From the material below, retype exactly the lines that begin at the line with "Комплект валіз пластикових" and end after the line with "Estudio en calle"; pictures stay out of the copy.

*** Opening Records to process ***

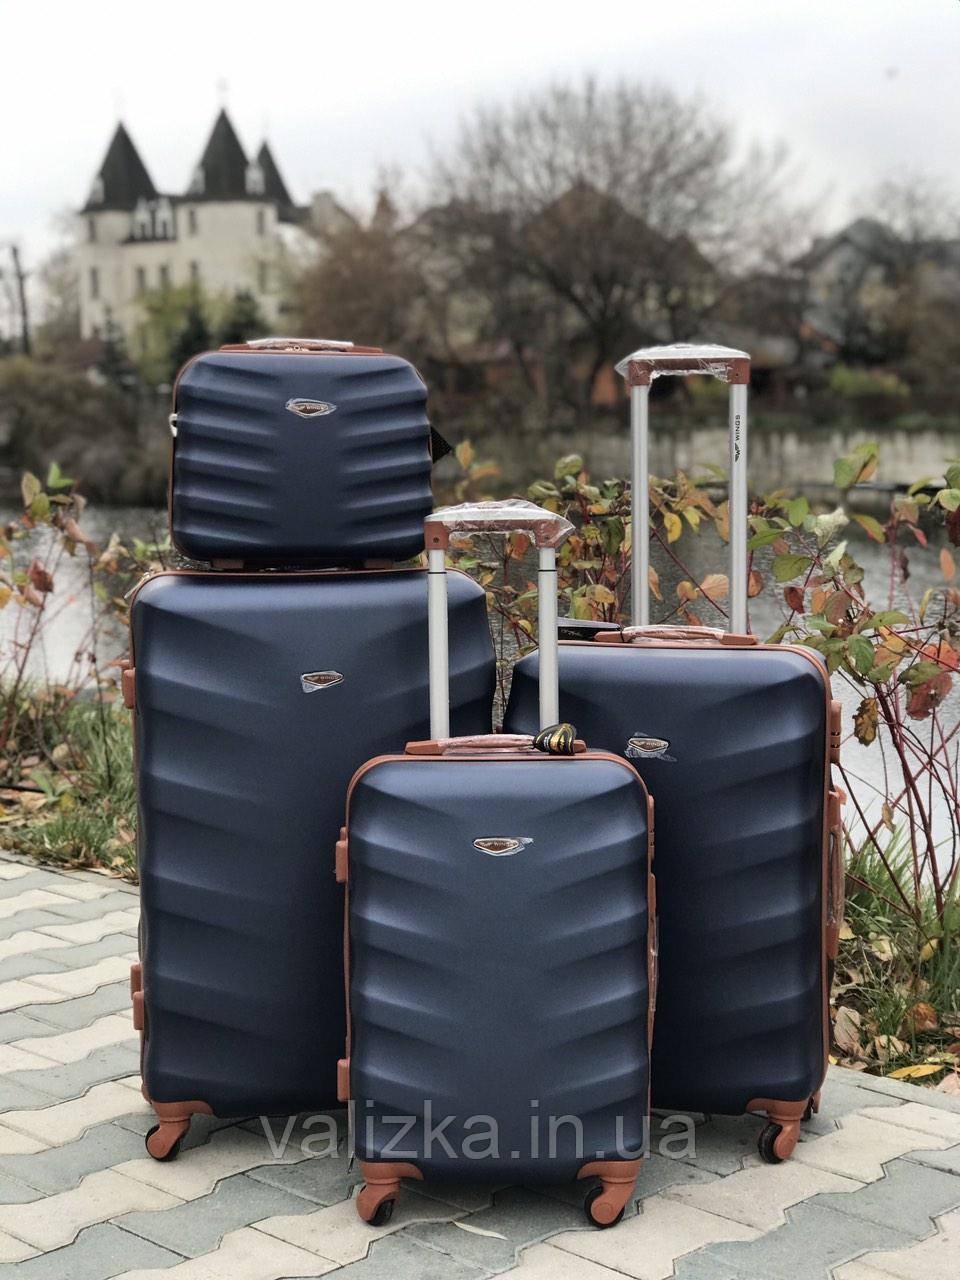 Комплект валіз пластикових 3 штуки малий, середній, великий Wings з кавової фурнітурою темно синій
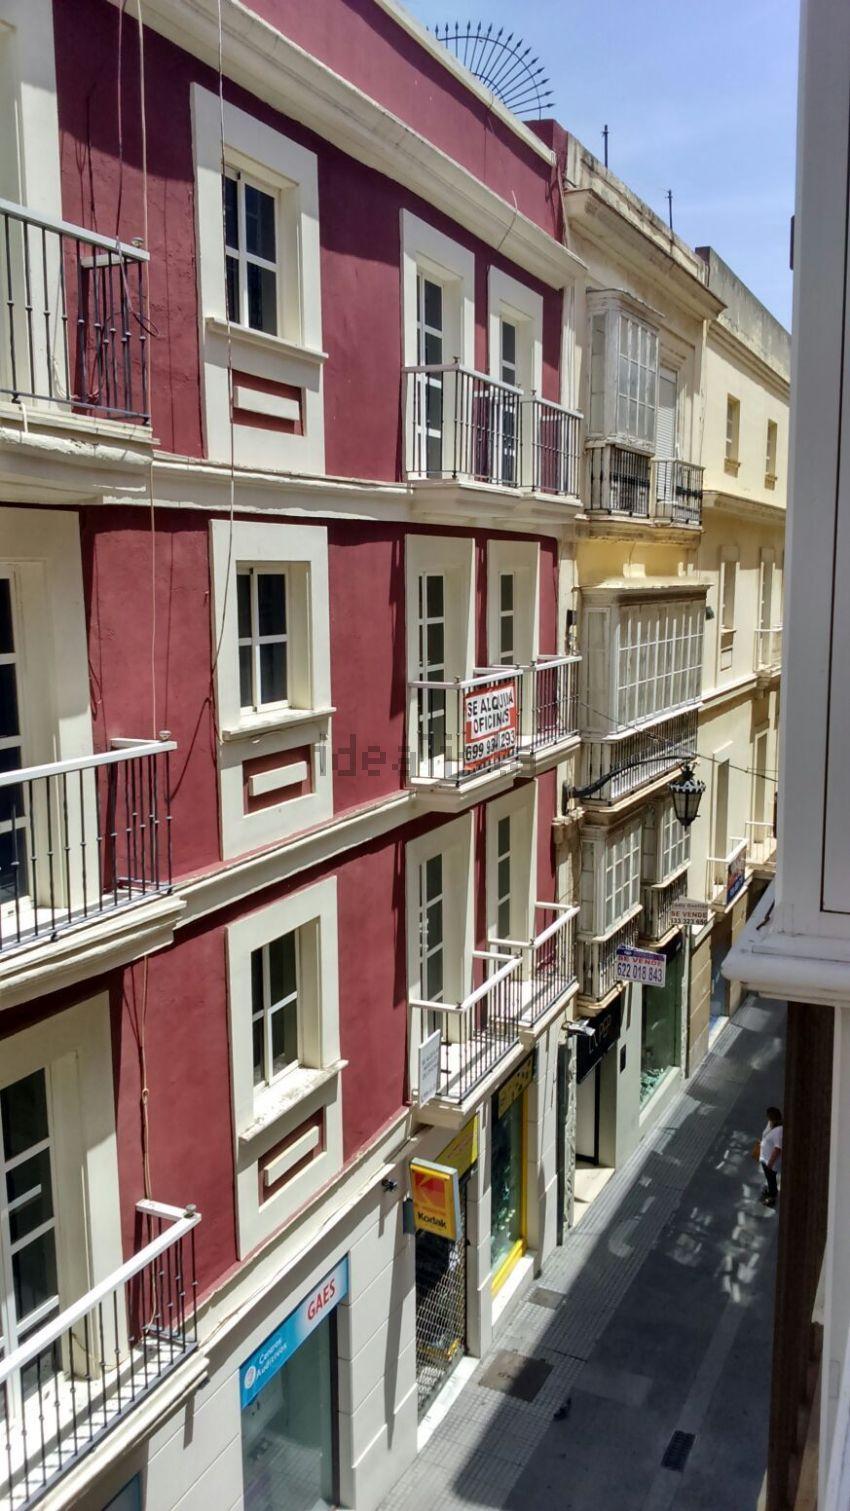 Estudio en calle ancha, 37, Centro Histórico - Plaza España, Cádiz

*** Closing Records to process ***
*** Opening Records to process ***

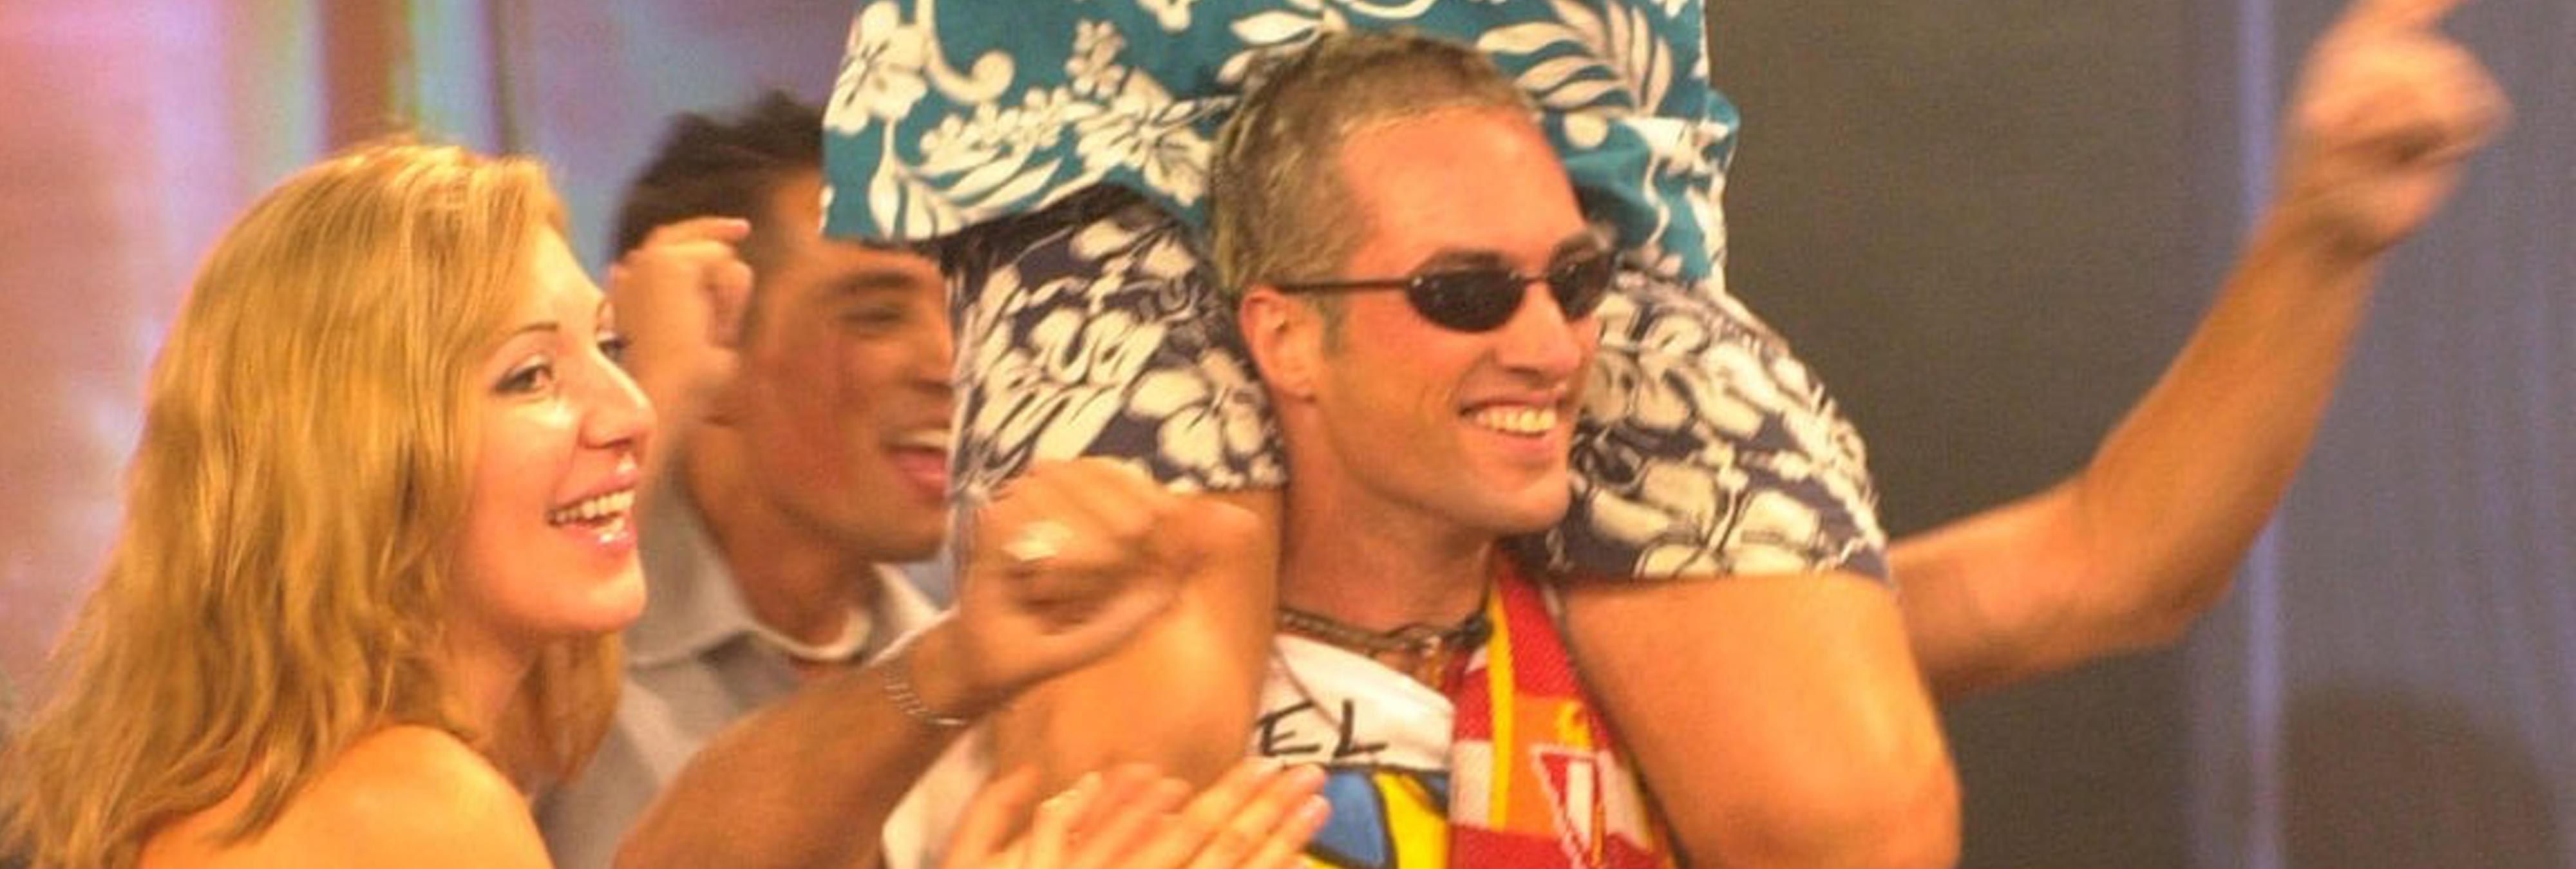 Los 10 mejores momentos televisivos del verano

*** Closing Records to process ***
*** Opening Records to process ***

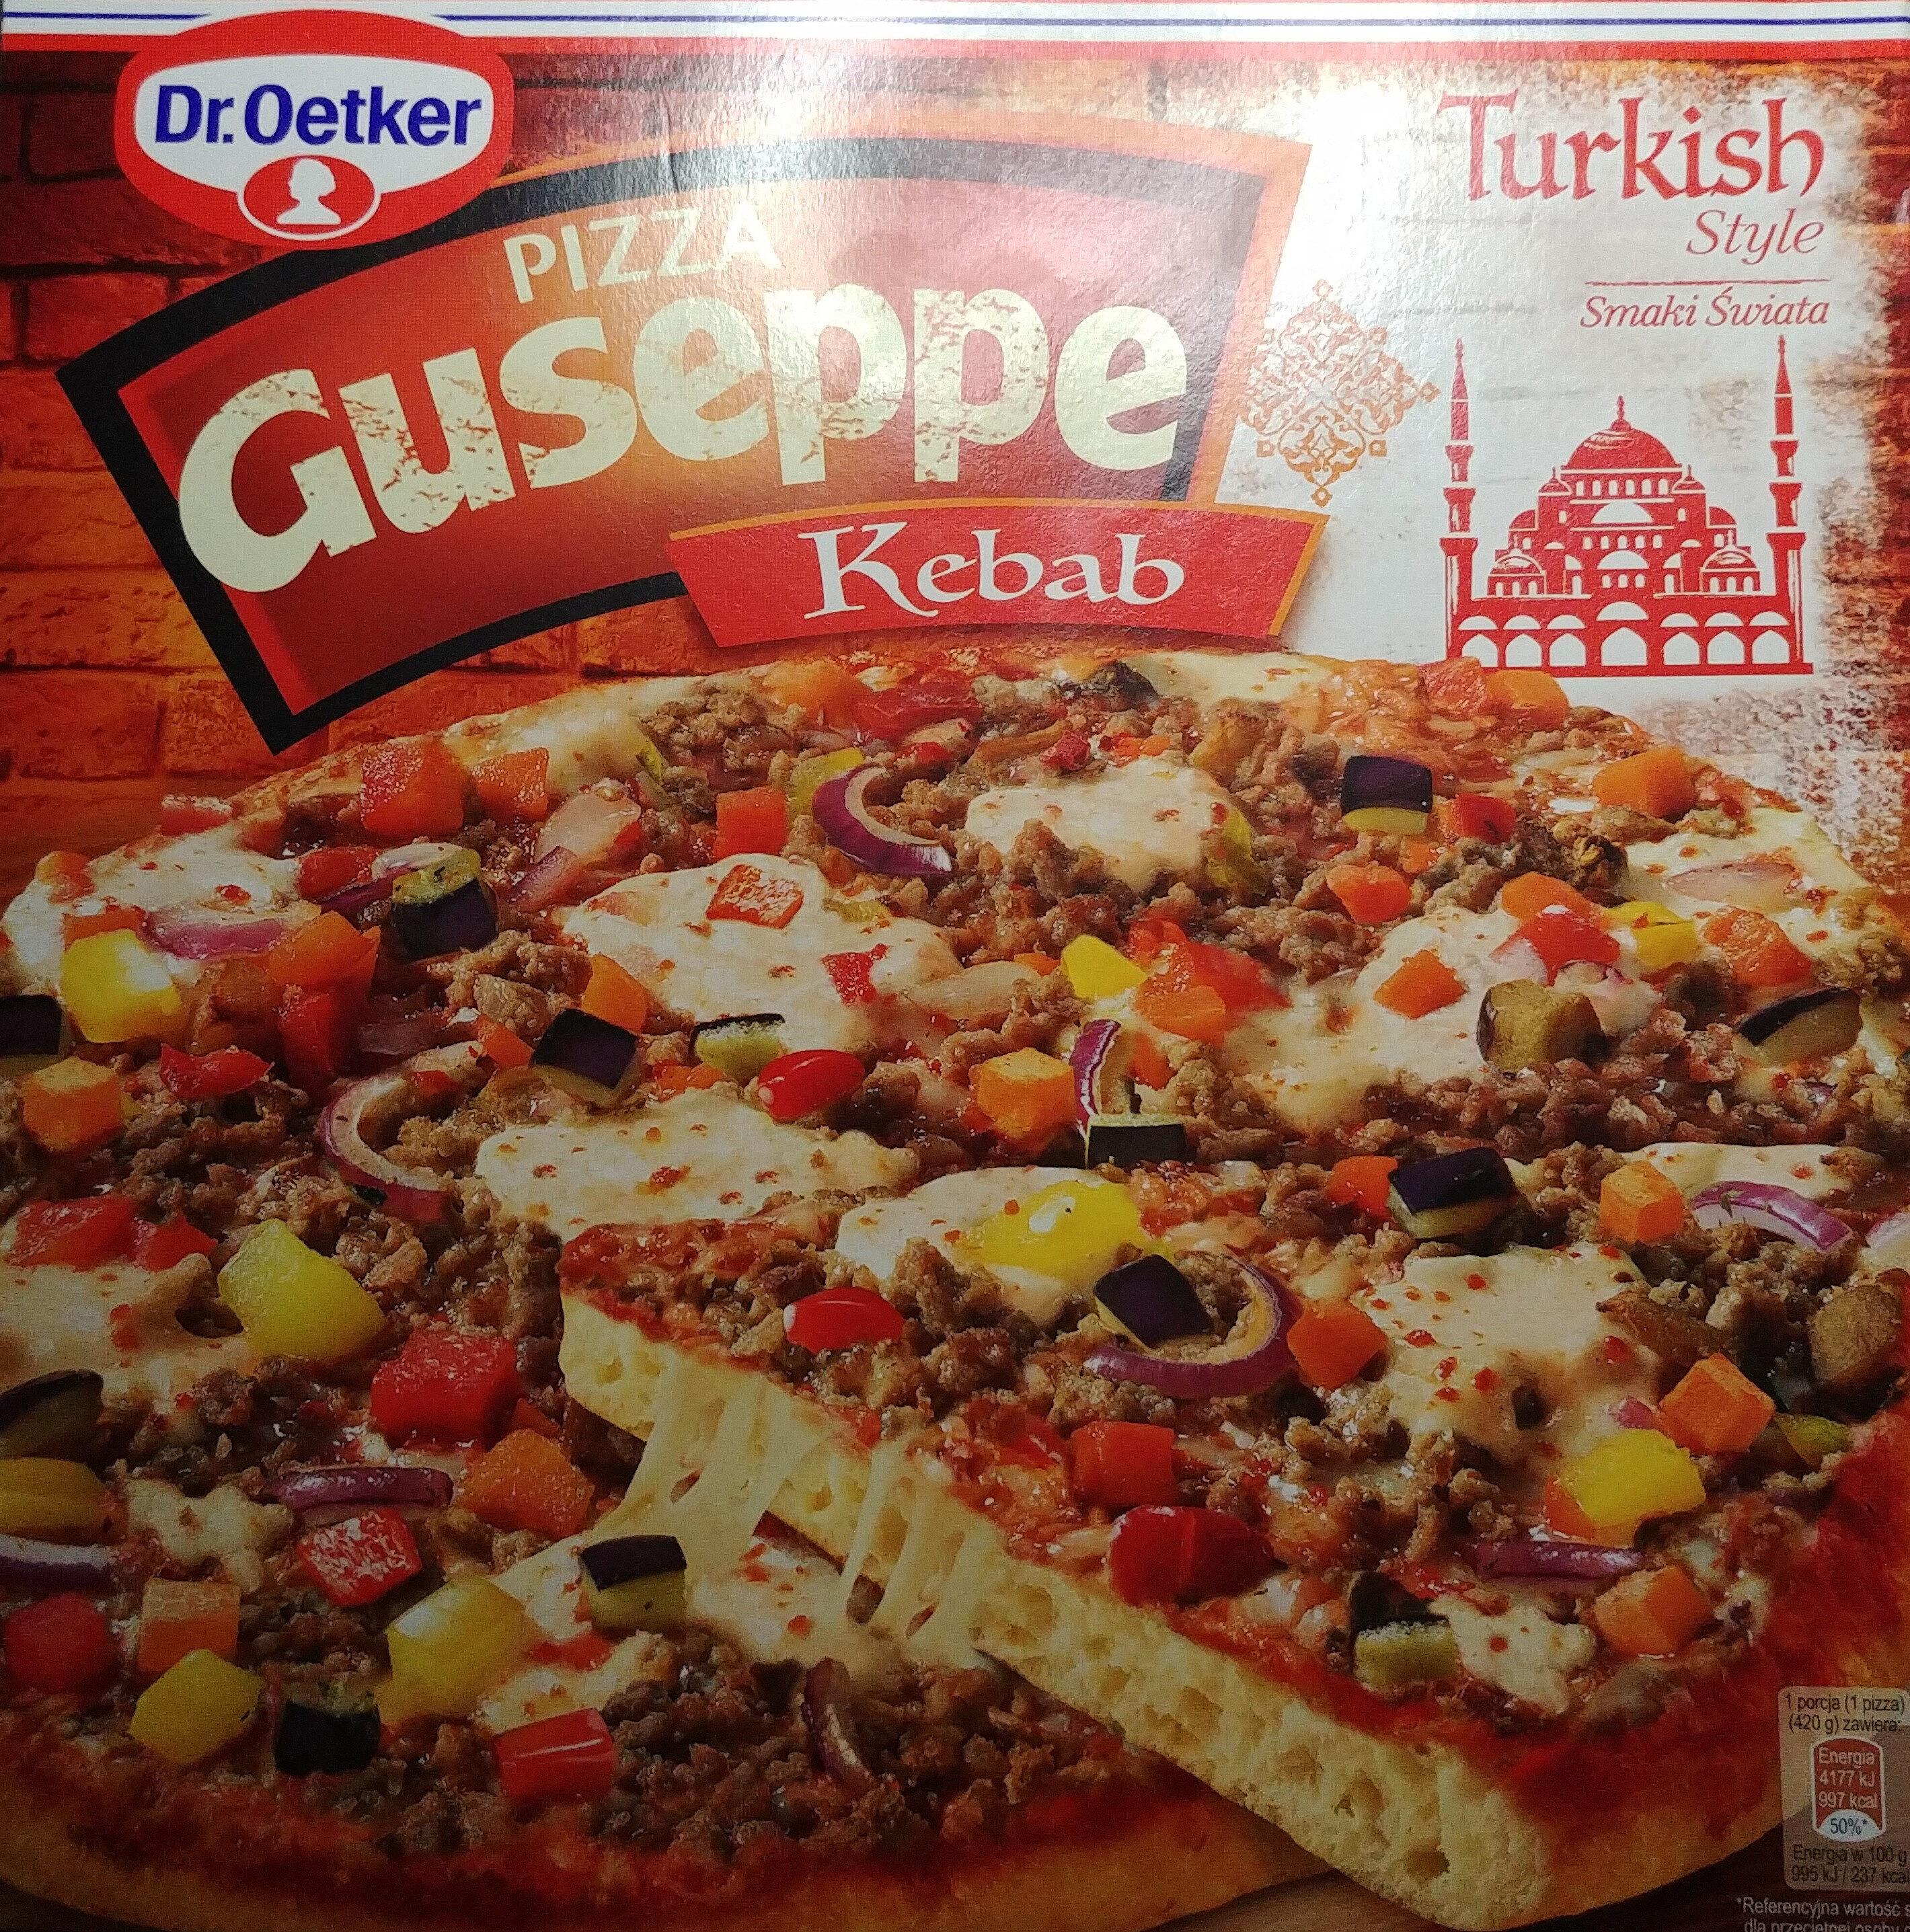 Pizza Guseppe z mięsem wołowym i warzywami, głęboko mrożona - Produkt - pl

*** Closing Records to process ***

▸ Solution
 Комплект валіз пластикових 3 штуки малий, середній, великий Wings з кавової фурнітурою темно синій
 Estudio en calle ancha, 37, Centro Histórico - Plaza España, Cádiz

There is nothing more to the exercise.